**How to complete this task**.
Give again, word for word, every line in the entries below from the line with "7e19b6e1f9b5c ... Bolsa" up to and including the line with "過剰脅威豆腐ハロウィン人間の", and no other line.

**Records provided**.
* * * * * * * * *

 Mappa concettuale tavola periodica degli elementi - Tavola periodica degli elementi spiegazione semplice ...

* * * * * * * * *

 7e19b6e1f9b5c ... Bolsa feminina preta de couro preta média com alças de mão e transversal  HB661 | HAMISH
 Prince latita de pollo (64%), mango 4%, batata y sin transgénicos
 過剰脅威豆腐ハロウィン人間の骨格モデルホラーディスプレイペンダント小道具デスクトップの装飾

* * * * * * * * *

**Answer to this problem**.
 7e19b6e1f9b5c ... Bolsa feminina preta de couro preta média com alças de mão e transversal  HB661 | HAMISH
 Prince latita de pollo (64%), mango 4%, batata y sin transgénicos
 過剰脅威豆腐ハロウィン人間の骨格モデルホラーディスプレイペンダント小道具デスクトップの装飾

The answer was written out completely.